YOUR ASSIGNMENT: The lines to transcribe begin with the one containing "Letto con biancheria" and end with the last line below; reproduce them exactly, without the pictures.

THE DATA:
· · · · ·

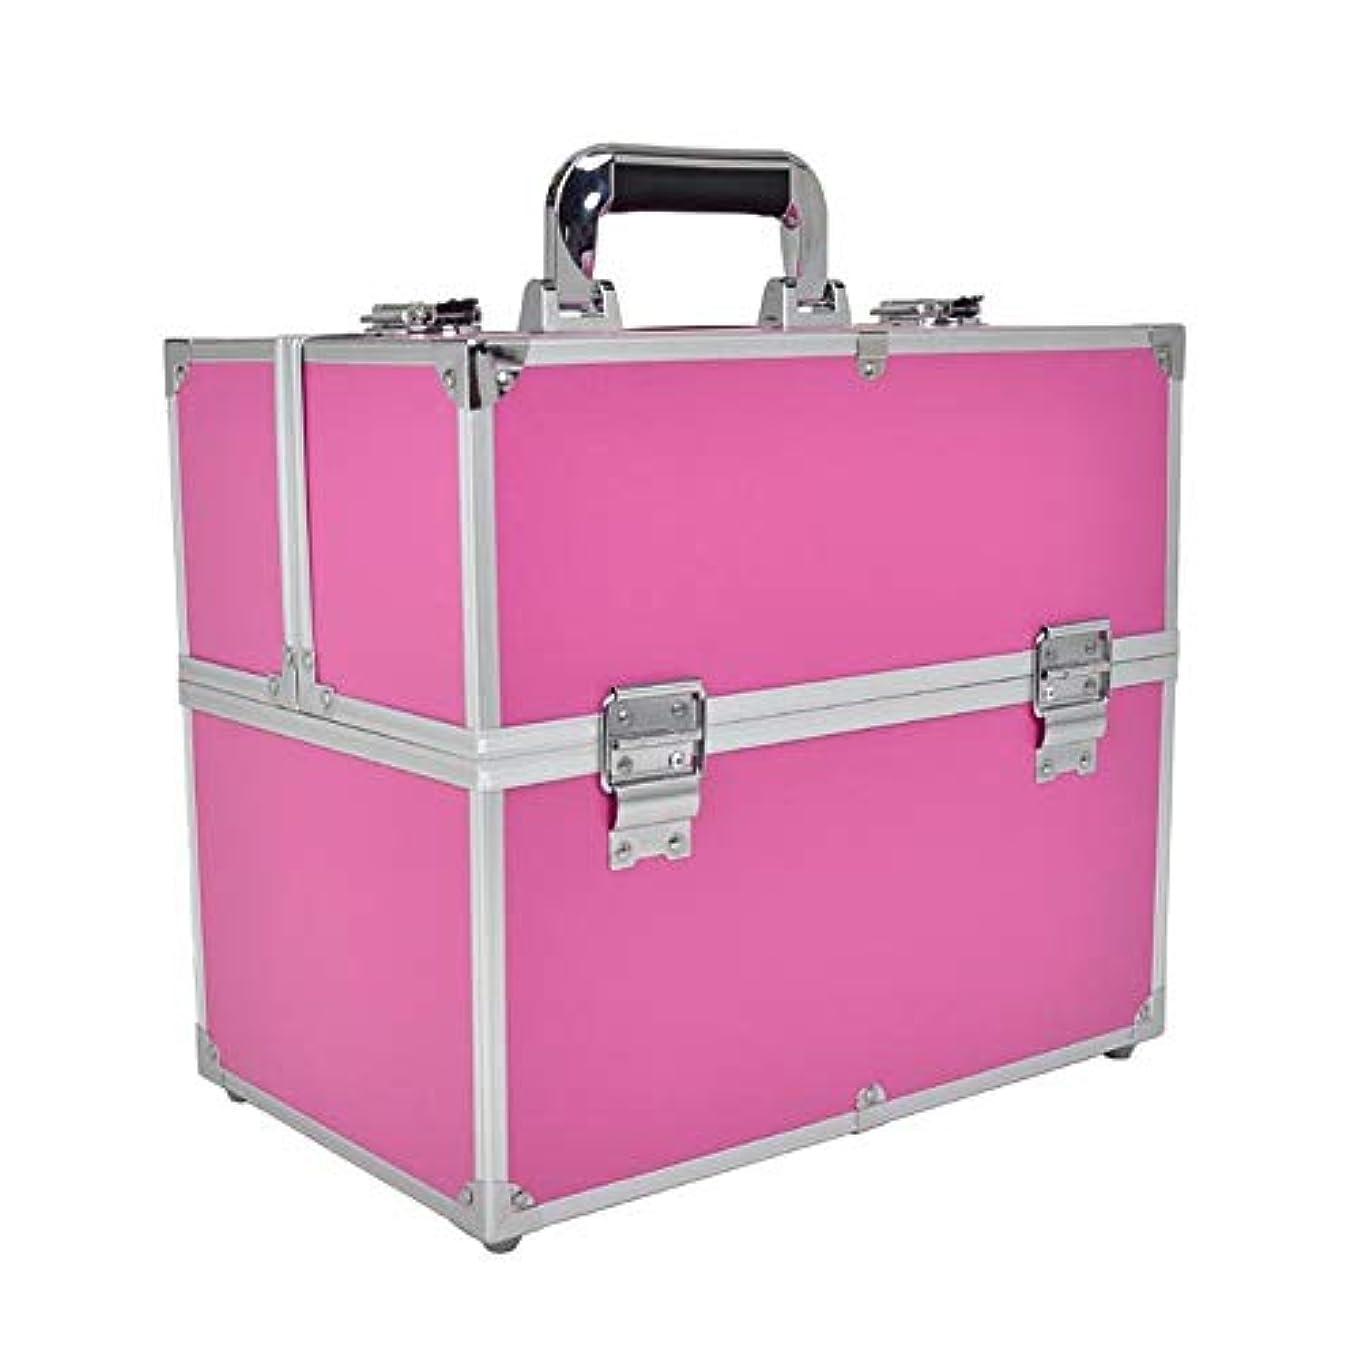 ベールマエストロコミットメント化粧オーガナイザーバッグ 6トレイの小さなものの種類のための旅行のための美容メイクアップのための大容量大容量化粧品ケース 化粧品ケース
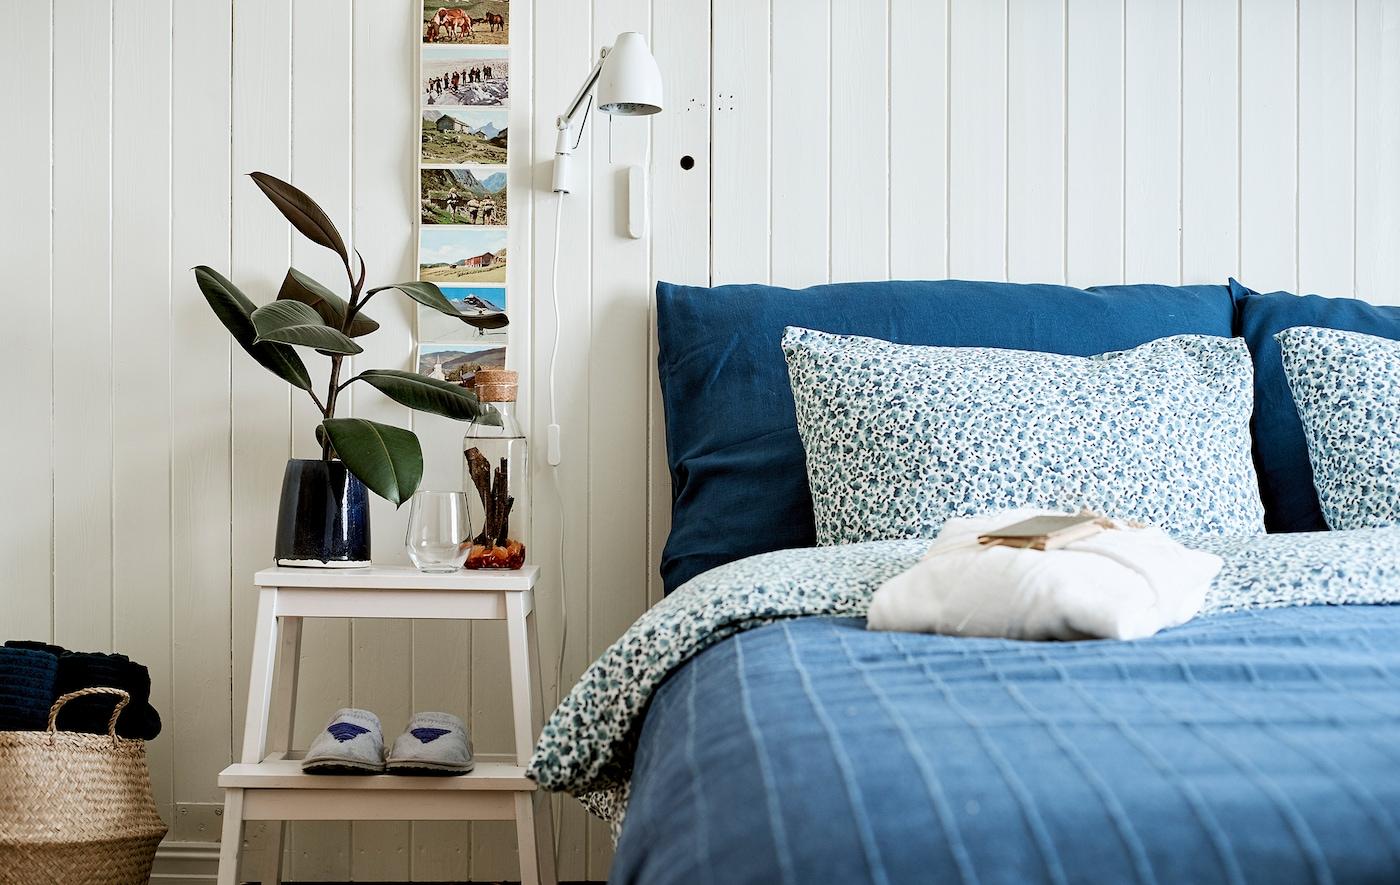 Letto con biancheria blu e una scaletta/sgabello trasformata in comodino, una caraffa di acqua aromatizzata e un bicchiere - IKEA
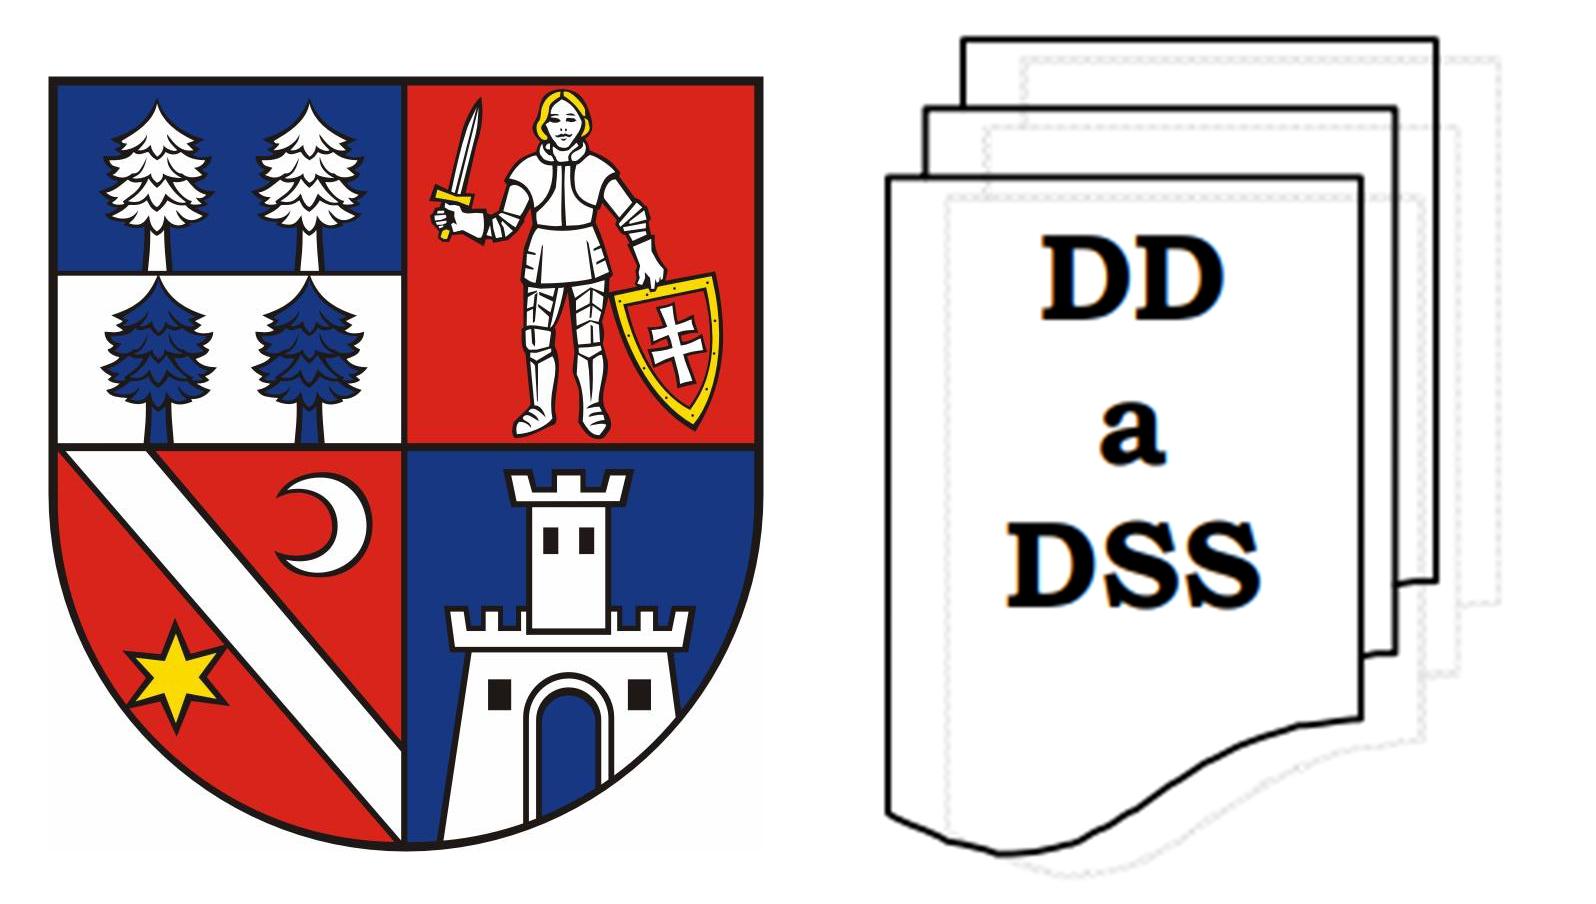 BBSK-DD-DSS
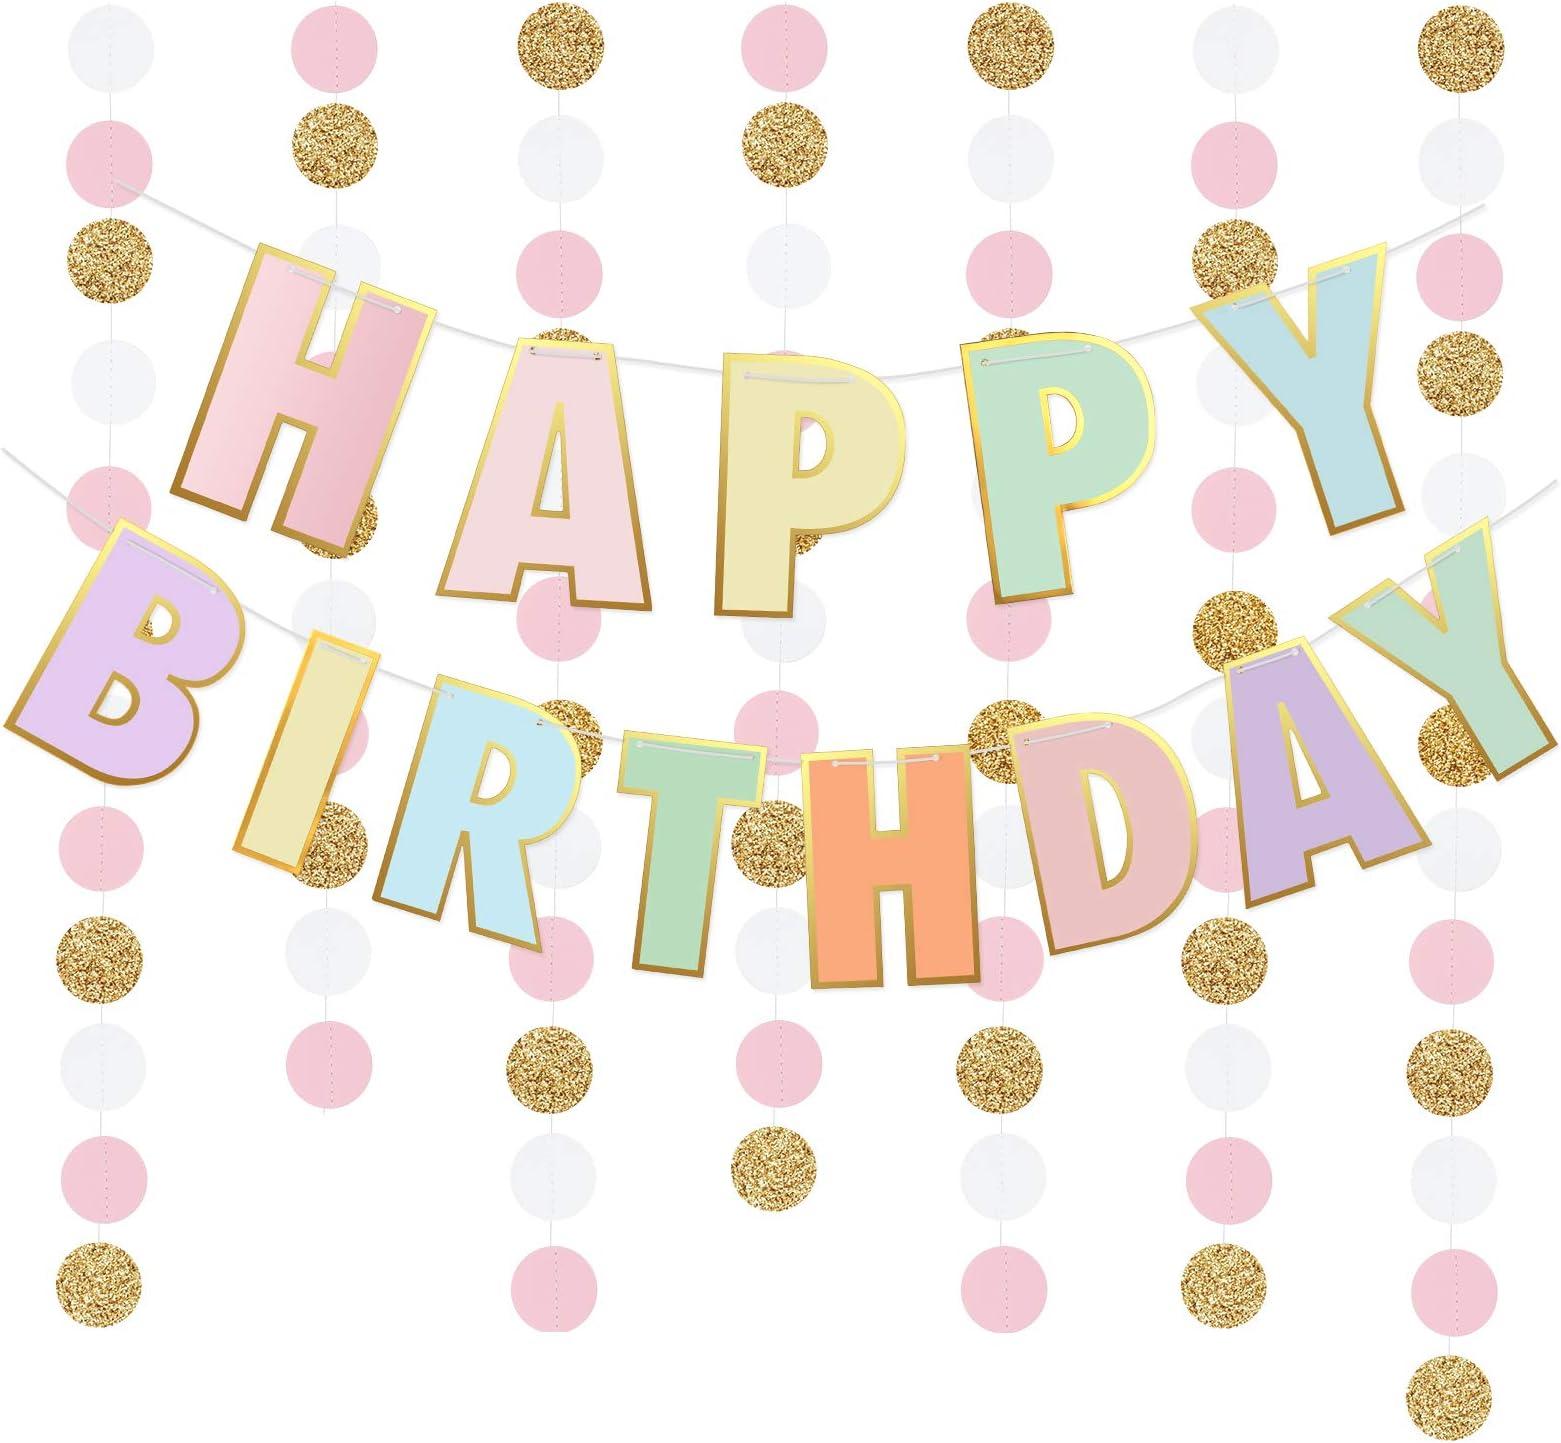 1st Birthday Photo-Childs Birthday Sign-Polka Dot Birthday Happy Birthday Sign-Happy Birthday Banner-Birthday Garland-Birthday Decorations

· · · · ·

SOLUTION TO THIS EXERCISE:
 Letto con biancheria blu e una scaletta/sgabello trasformata in comodino, una caraffa di acqua aromatizzata e un bicchiere - IKEA
 BBSK-DD-DSS
 1st Birthday Photo-Childs Birthday Sign-Polka Dot Birthday Happy Birthday Sign-Happy Birthday Banner-Birthday Garland-Birthday Decorations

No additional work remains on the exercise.